So, let's say I have some code in dijkstras.py that performs dijkstras given a graph G.
def shortest_path(G, start, end):
def flatten(L): # Flatten linked list of form [0,[1,[2,[]]]]
while len(L) > 0:
yield L[0]
L = L[1]
q = [(0, start, ())] # Heap of (cost, path_head, path_rest).
visited = set() # Visited vertices.
while True:
(cost, v1, path) = heapq.heappop(q)
if v1 not in visited:
visited.add(v1)
if v1 == end:
return [('cost', cost)] + [('path', list(flatten(path))[::-1] + [v1])]
path = (v1, path)
for (v2, cost2) in G[v1].iteritems():
if v2 not in visited:
heapq.heappush(q, (cost + cost2, v2, path))
and G is something like this:
G = {
's': {'u':10, 'x':5},
'u':{'v':1, 'x':2},
'v':{'y':4},
'x':{'u':3, 'v':9, 'y':2},
'y': {'s':7, 'v':6}
}
How would we transform the existing algorithm, shortest_path(G, start, end) to utilize a* with the fewest modifications.
What I'm thinking is:
def shortest_path(G, start, end, h): #where h is the heuristic function
def flatten(L): # Flatten linked list of form [0,[1,[2,[]]]]
while len(L) > 0:
yield L[0]
L = L[1]
q = [(0, start, ())] # Heap of (cost, path_head, path_rest).

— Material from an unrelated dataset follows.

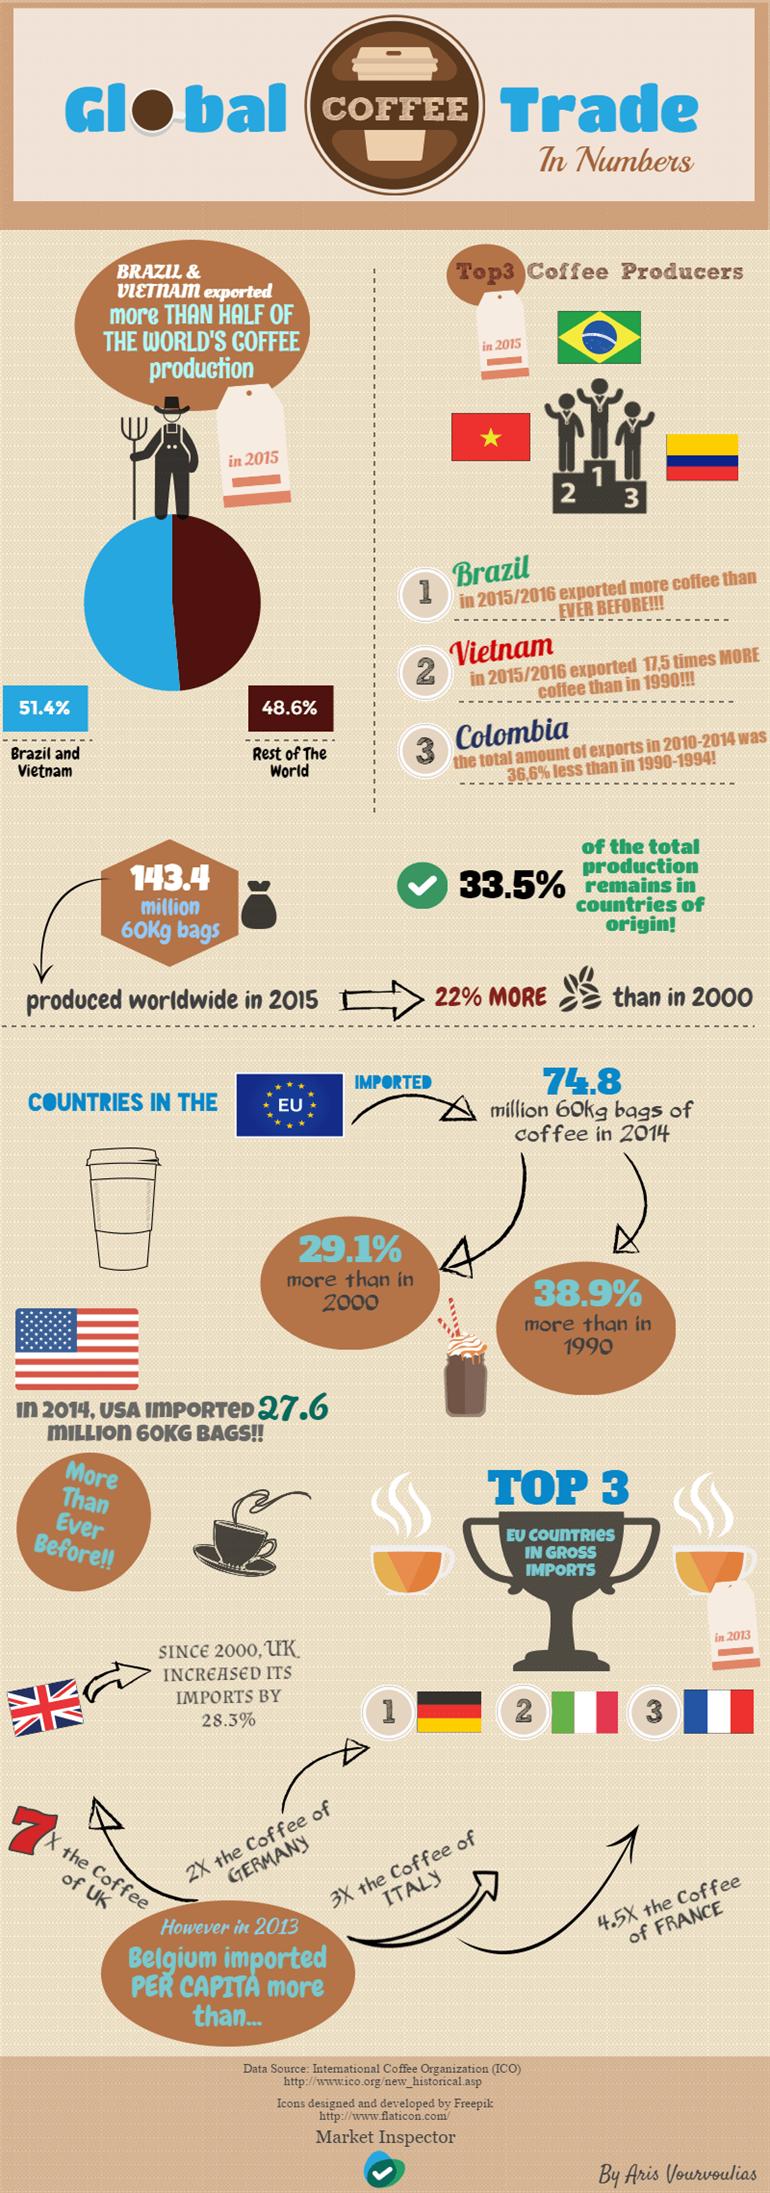 Infographic Global Coffee Trade_770x2193 (1)
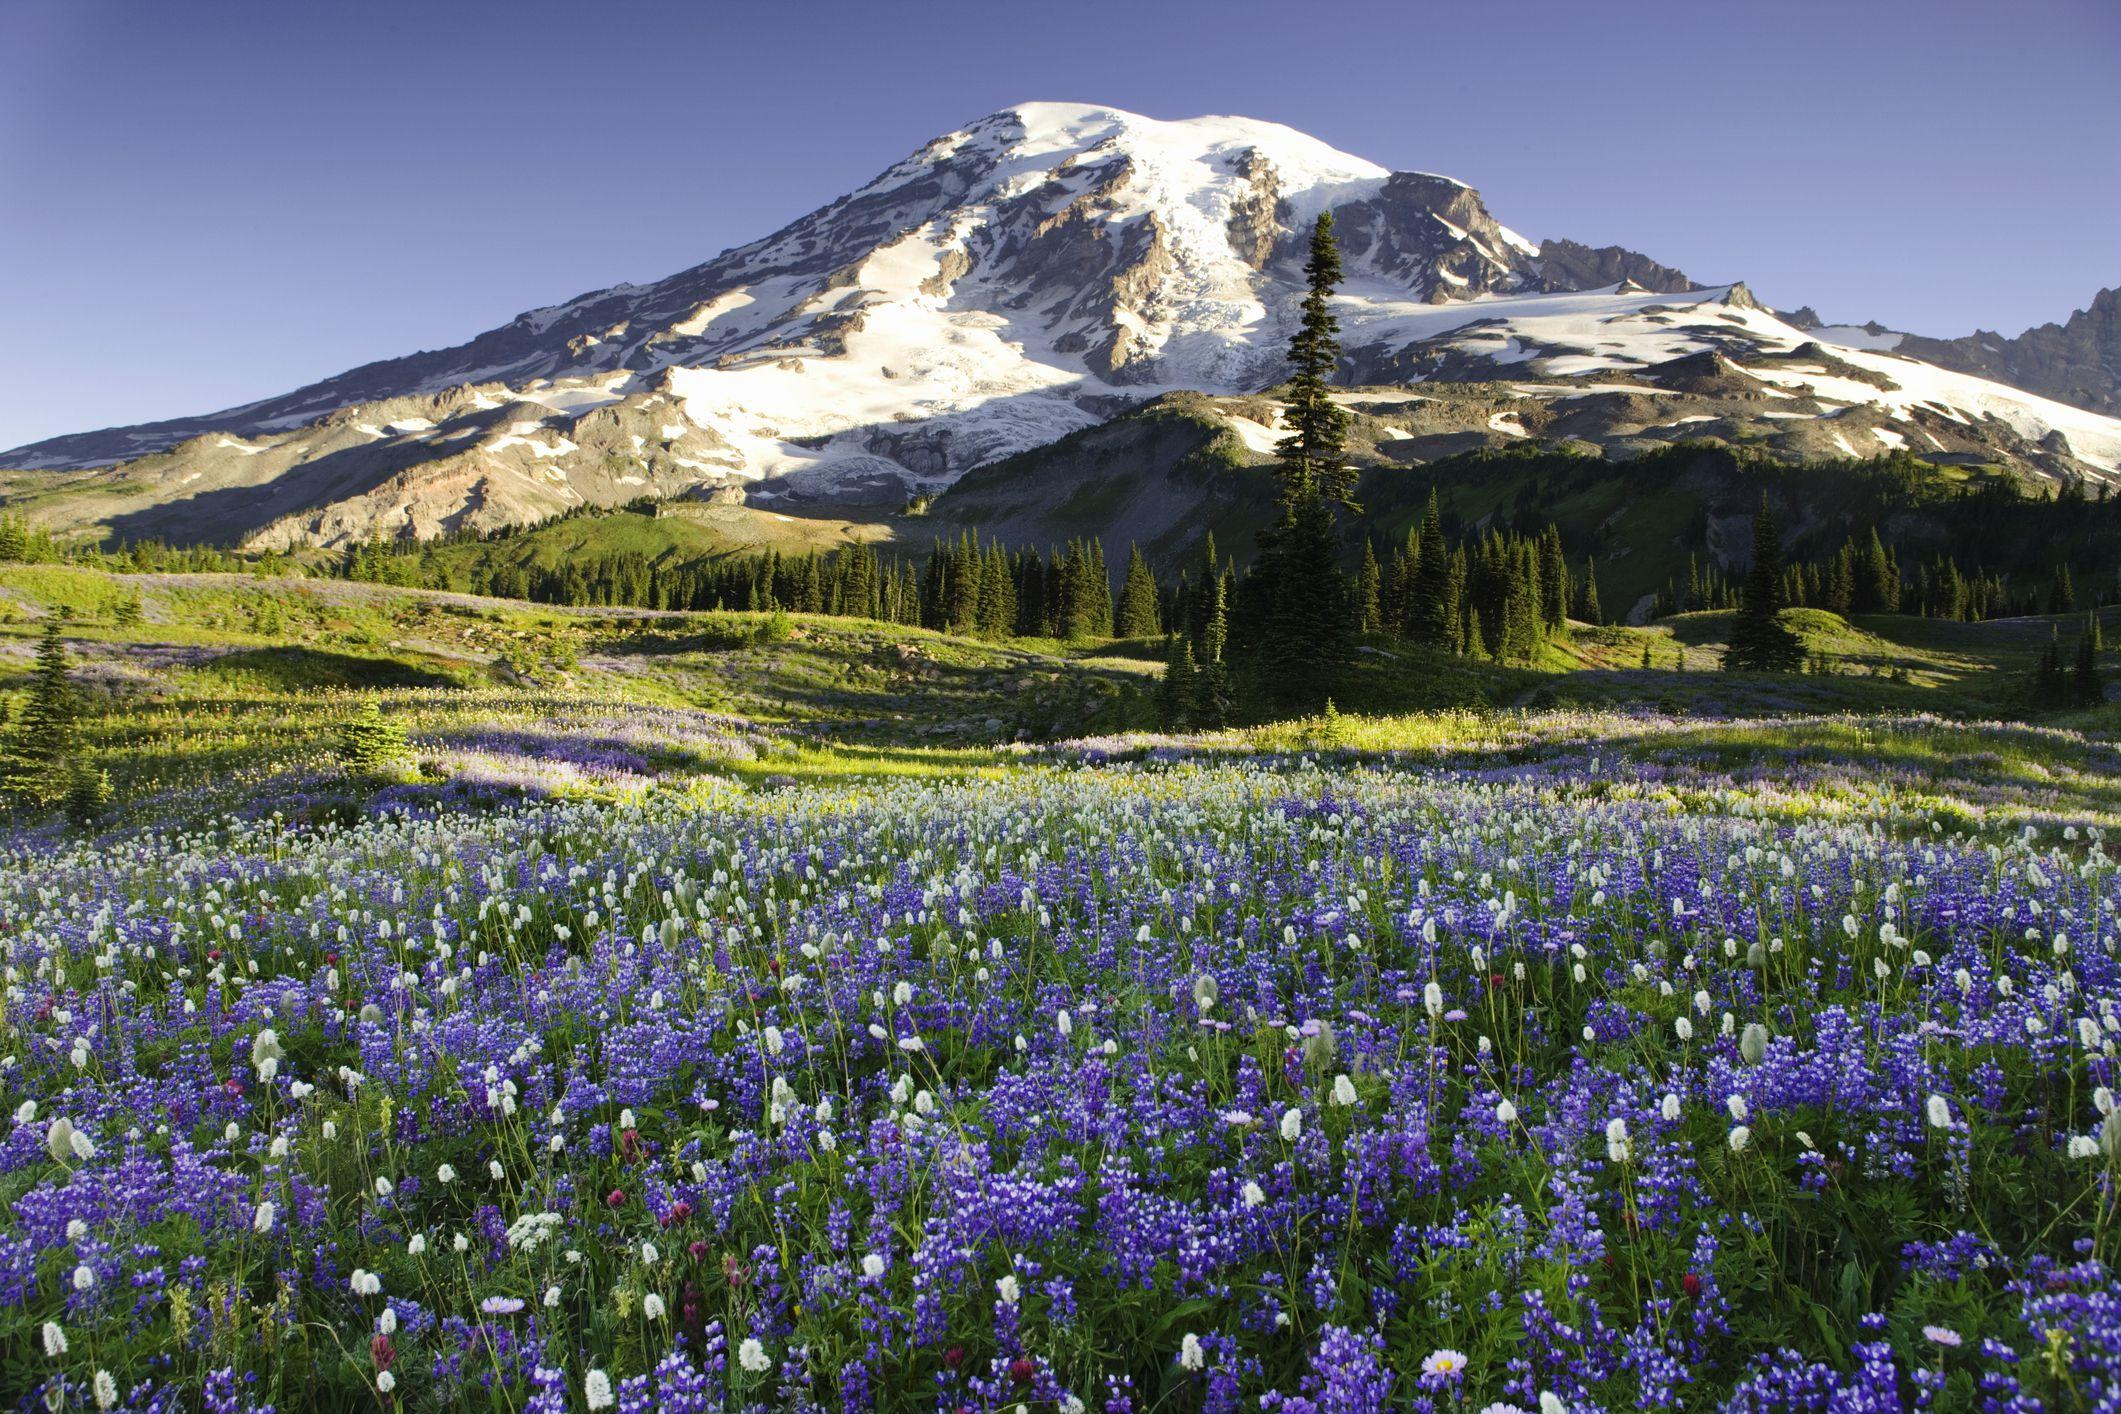 USA, Washington, Mt. Rainier National Park, field with wildflowers

visited = set() # Visited vertices.
while True:
(cost, v1, path) = heapq.heappop(q)
if v1 not in visited:
visited.add(v1)
if v1 == end:
return [('cost', cost)] + [('path', list(flatten(path))[::-1] + [v1])]
path = (v1, path)
for (v2, cost2) in G[v1].iteritems():
if v2 not in visited:
heapq.heappush(q, (cost + cost2 + h(v2), v2, path)) #modification here
But I haven't even ran that yet, so I don't know how it's going to run. I just wanted to bounce this off of someone before I start to code more.
As alfa had suggested, the correct solution is to use cost + cost2 + h(v2).